_Dataset content:_

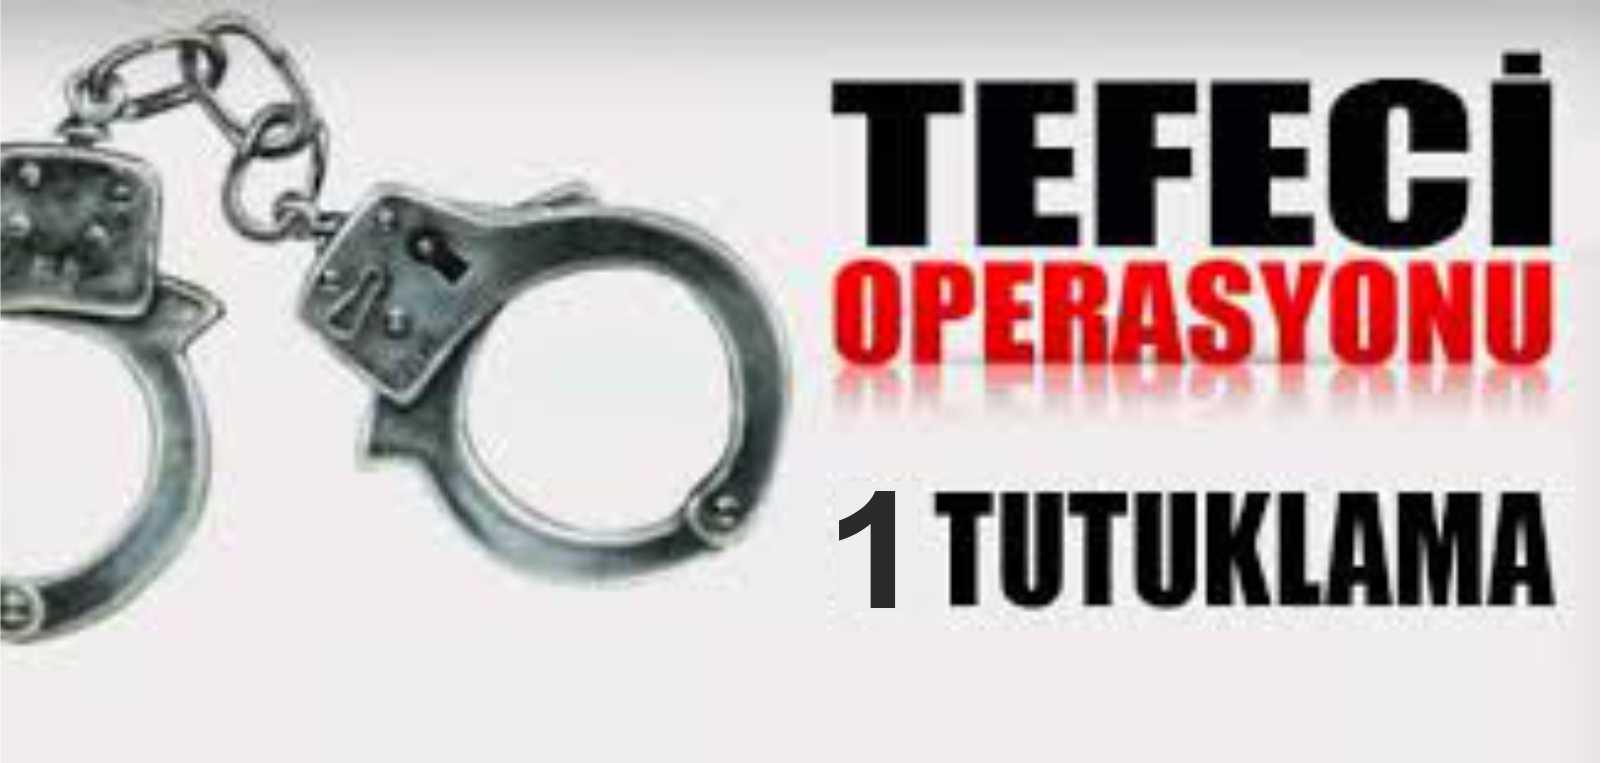 Adıyaman'da Polislikten ihraç edildi tefecilikten tutuklandı
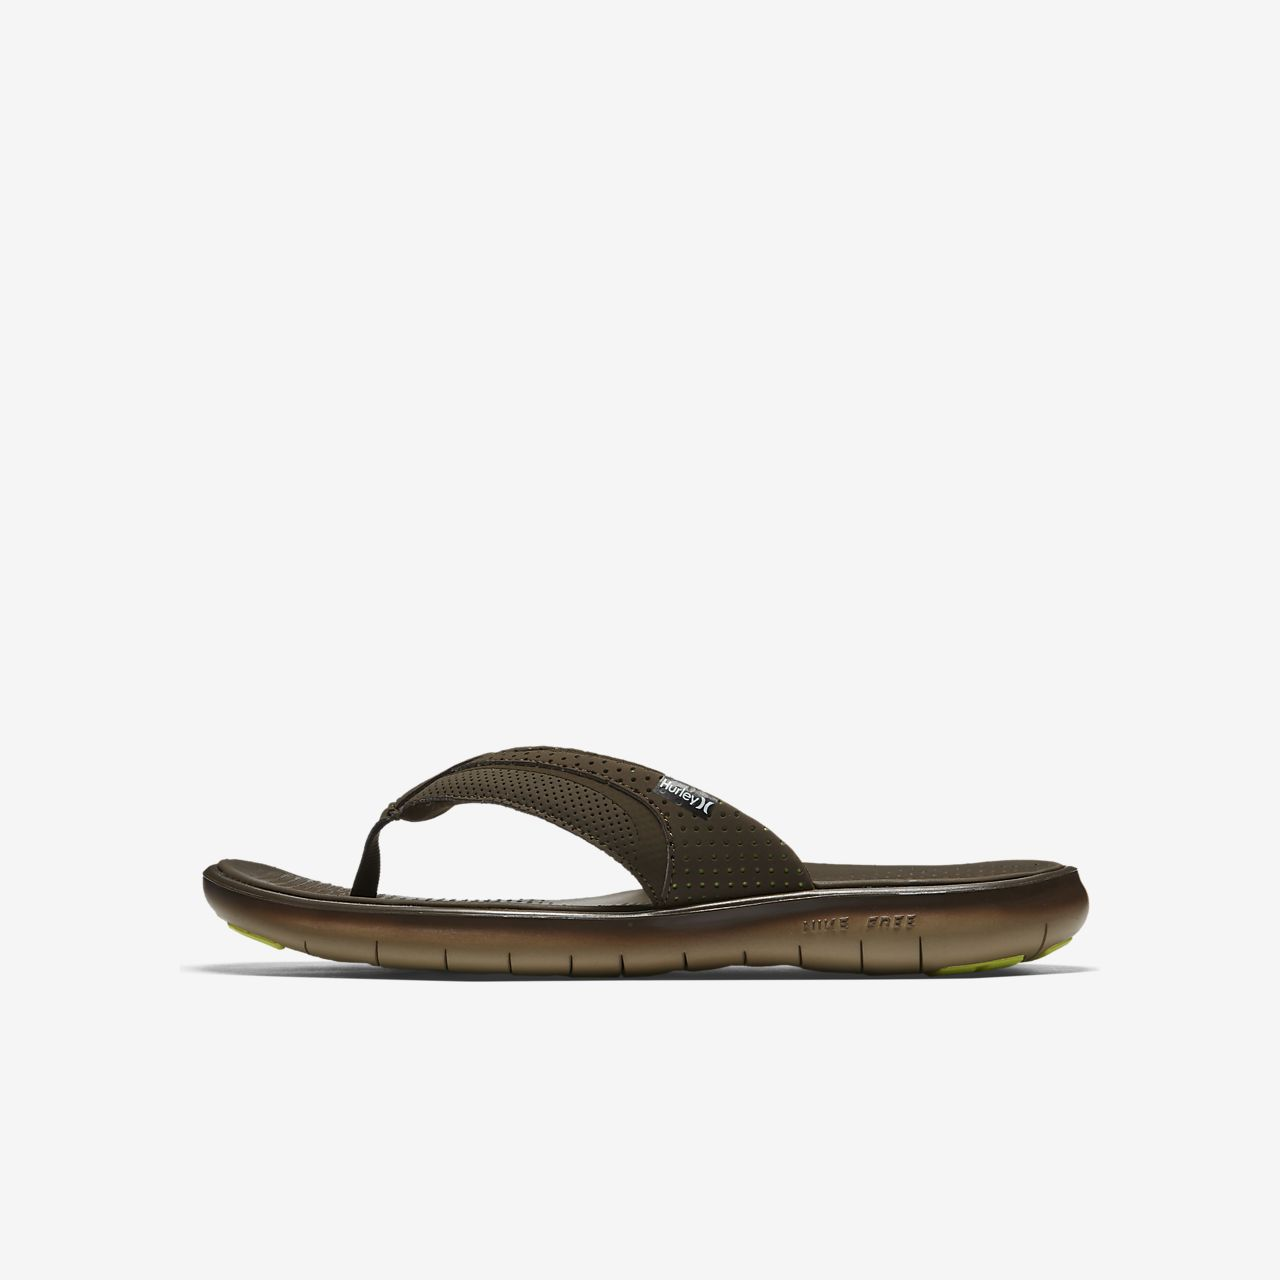 9151dab6857f7 Hurley Phantom Free Motion Men s Sandal. Nike.com AU
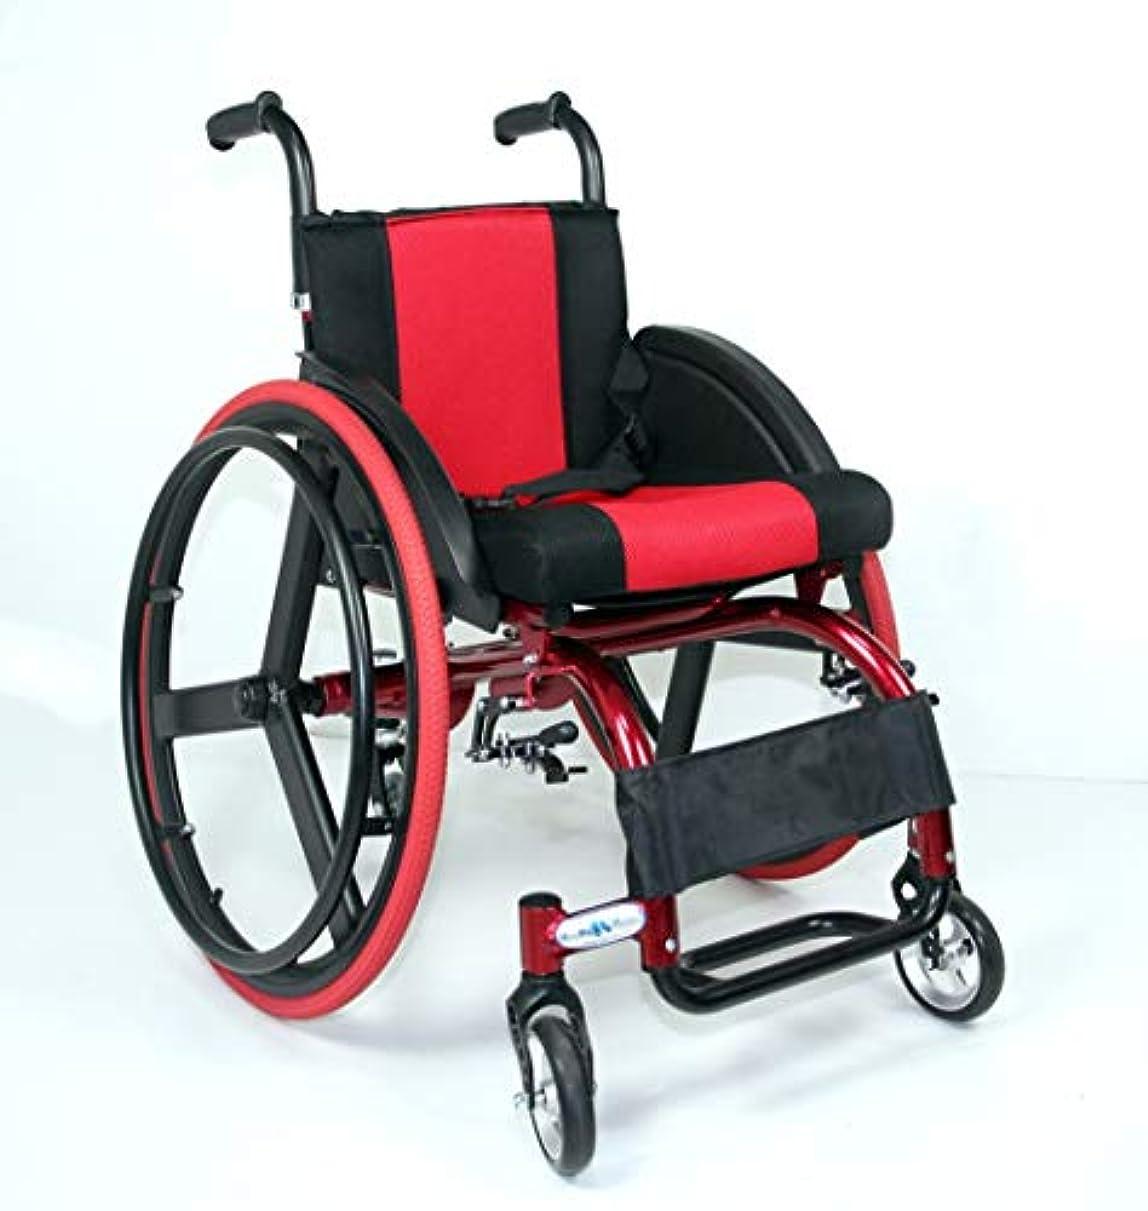 彼女自身火薬テキストアルミ合金のクイックリリースの後部車輪の衝撃吸収材のトロリーが付いている余暇の車椅子ライトポータブル、24インチの後部車輪は1つのボタンで取除くことができます
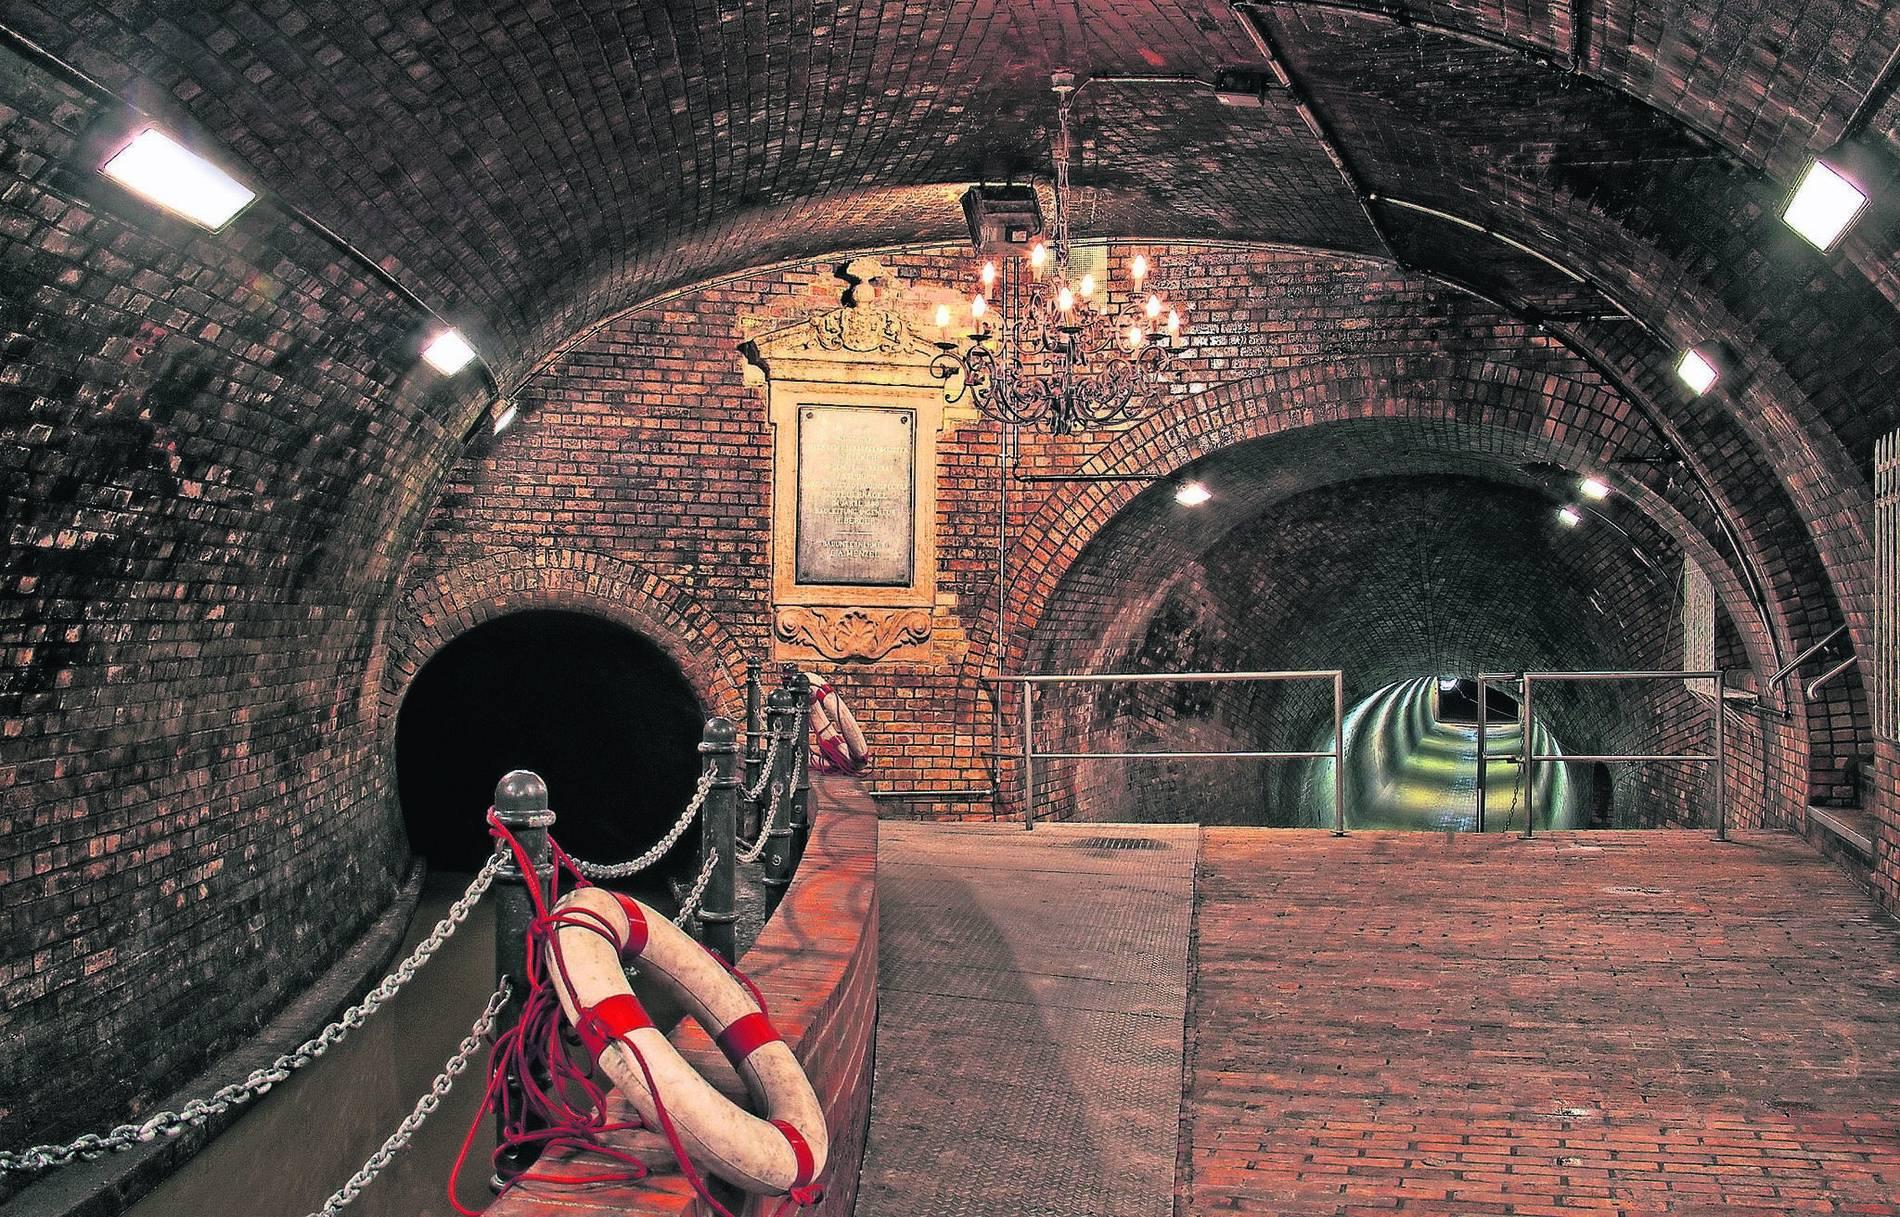 Besichtigung Kronleuchtersaal Köln ~ Ausflugstipps in nrw kanalkonzert in der unterwelt von köln
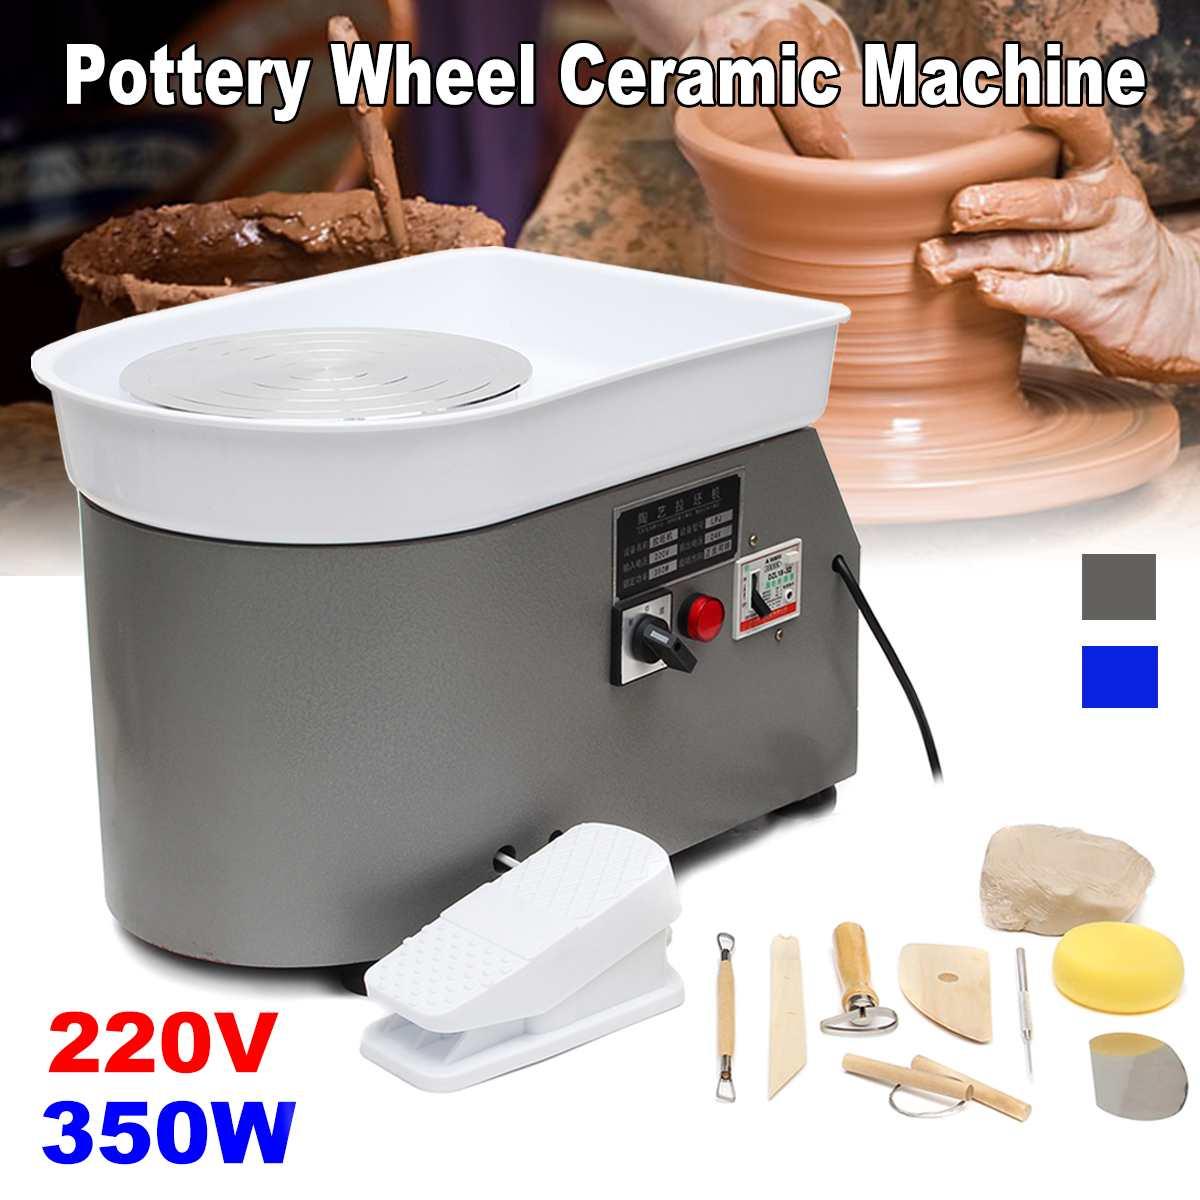 Poterie formant la Machine 220 V 350 W roue de poterie électrique argile pour travaux pratiques outil avec plateau pédale de pied Flexible pour céramique travail céramique

_Required work:_ Do not include the pictures. Quote only the lines from the line with "彼女自身火薬テキストアルミ合" through the end of the material, both ends included, exactly.

_Task result:_
 彼女自身火薬テキストアルミ合金のクイックリリースの後部車輪の衝撃吸収材のトロリーが付いている余暇の車椅子ライトポータブル、24インチの後部車輪は1つのボタンで取除くことができます
 Besichtigung Kronleuchtersaal Köln ~ Ausflugstipps in nrw kanalkonzert in der unterwelt von köln
 Poterie formant la Machine 220 V 350 W roue de poterie électrique argile pour travaux pratiques outil avec plateau pédale de pied Flexible pour céramique travail céramique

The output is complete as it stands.